(YOUR INSTRUCTIONS)
The answer must be only the lines below from the one holding "Wiha 32981 Insulated" down to the one holding "Company Registration &", ends included, printed exactly; please omit all pictures.

(SOURCE RECORDS)
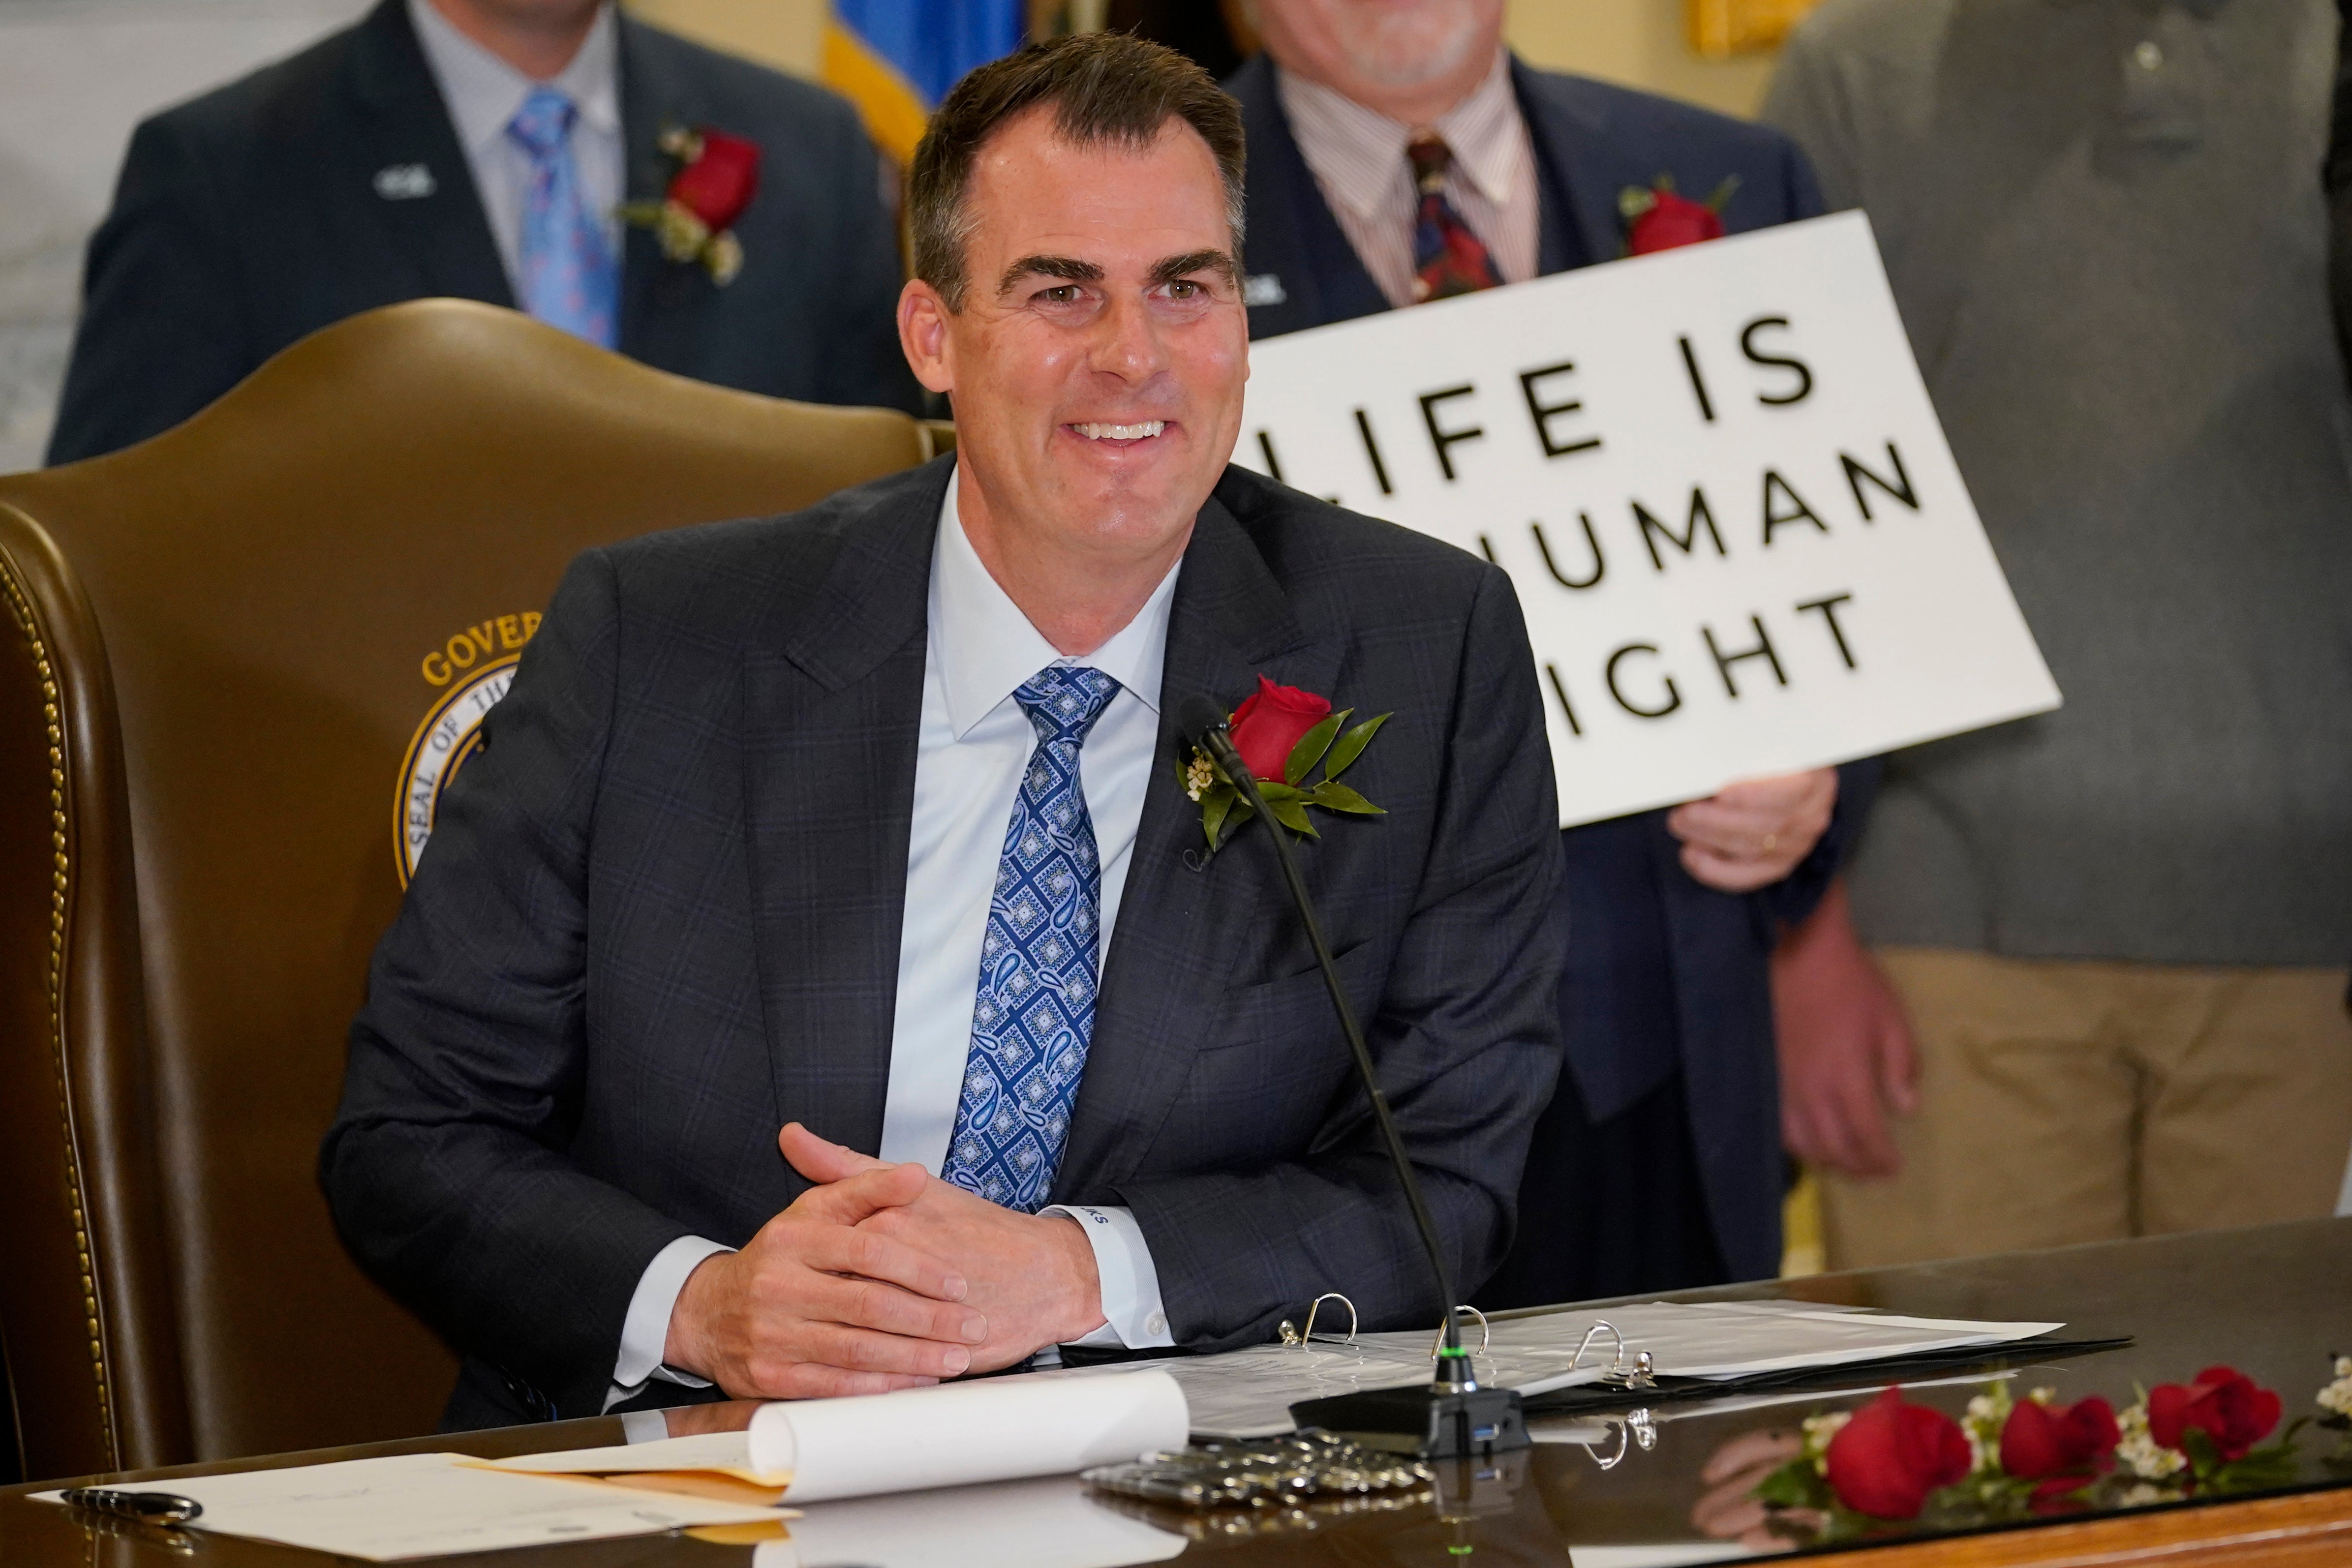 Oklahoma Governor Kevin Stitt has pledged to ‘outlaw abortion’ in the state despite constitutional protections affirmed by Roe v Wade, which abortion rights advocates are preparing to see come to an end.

==

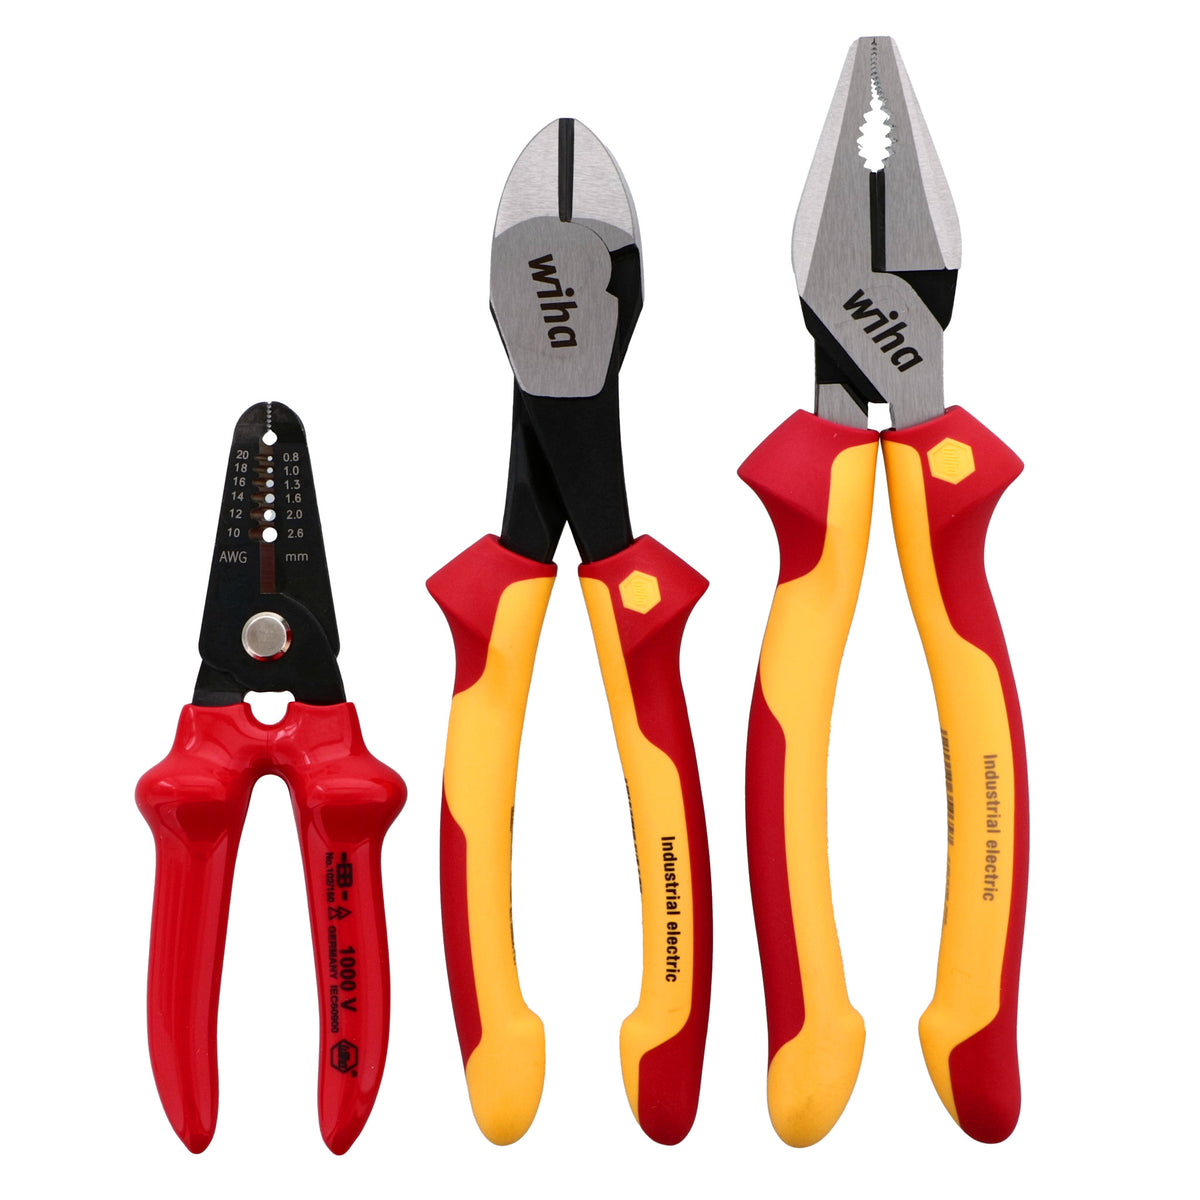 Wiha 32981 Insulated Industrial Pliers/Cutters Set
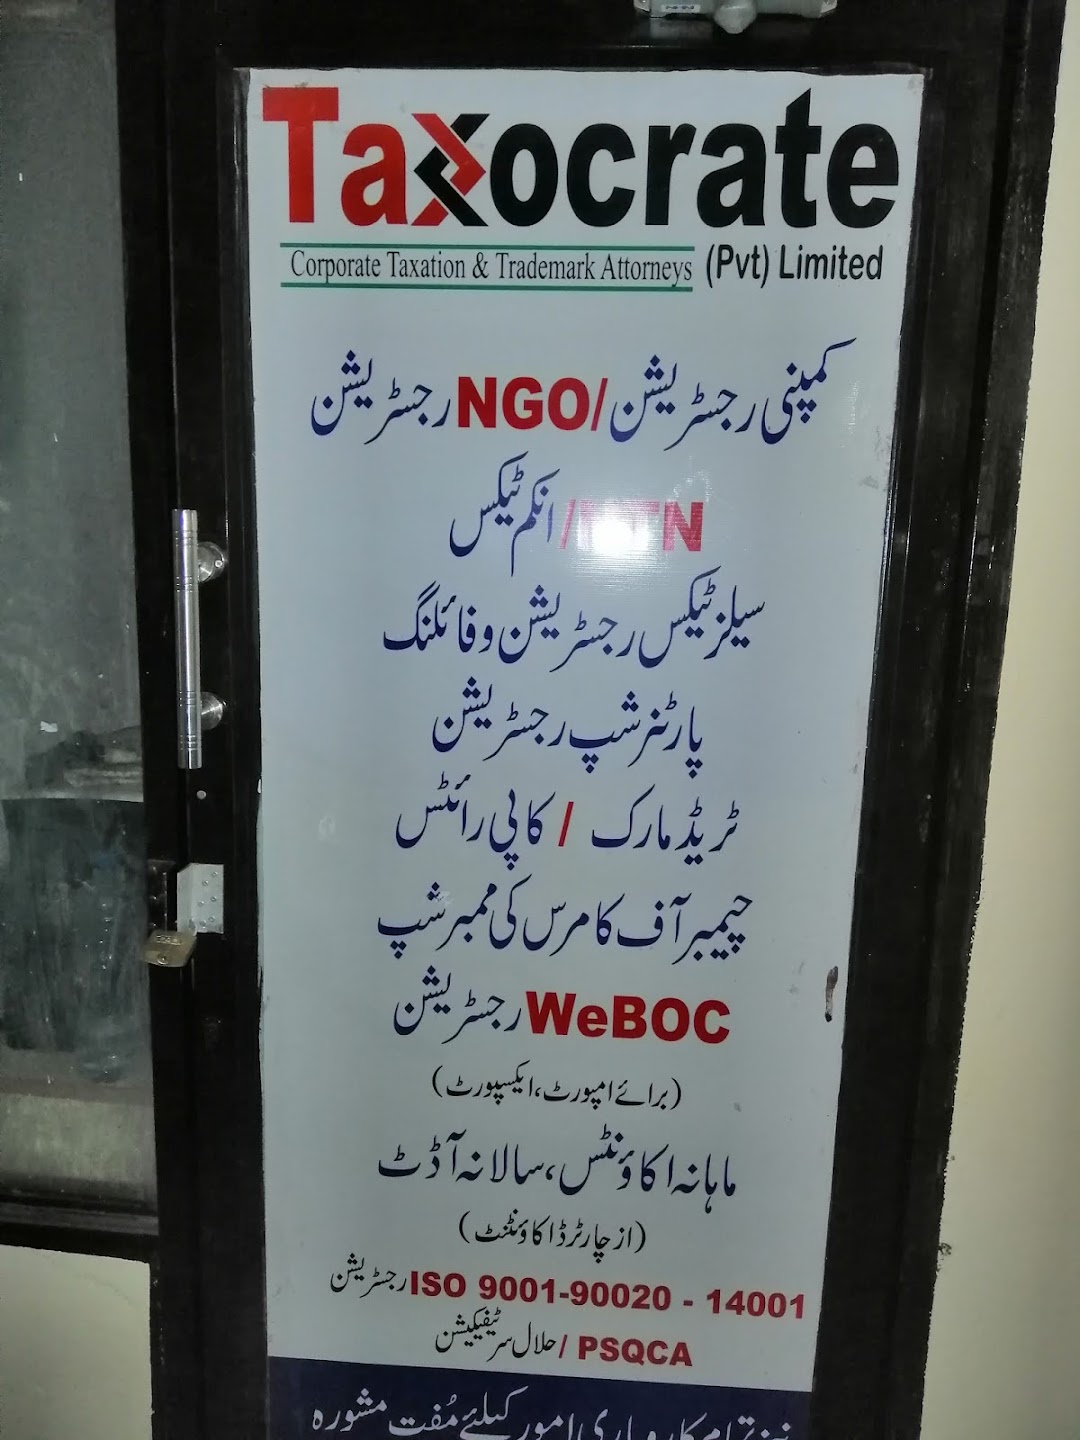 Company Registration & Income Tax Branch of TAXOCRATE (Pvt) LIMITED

(ANSWER TO THIS TASK)
 Wiha 32981 Insulated Industrial Pliers/Cutters Set
 Company Registration & Income Tax Branch of TAXOCRATE (Pvt) LIMITED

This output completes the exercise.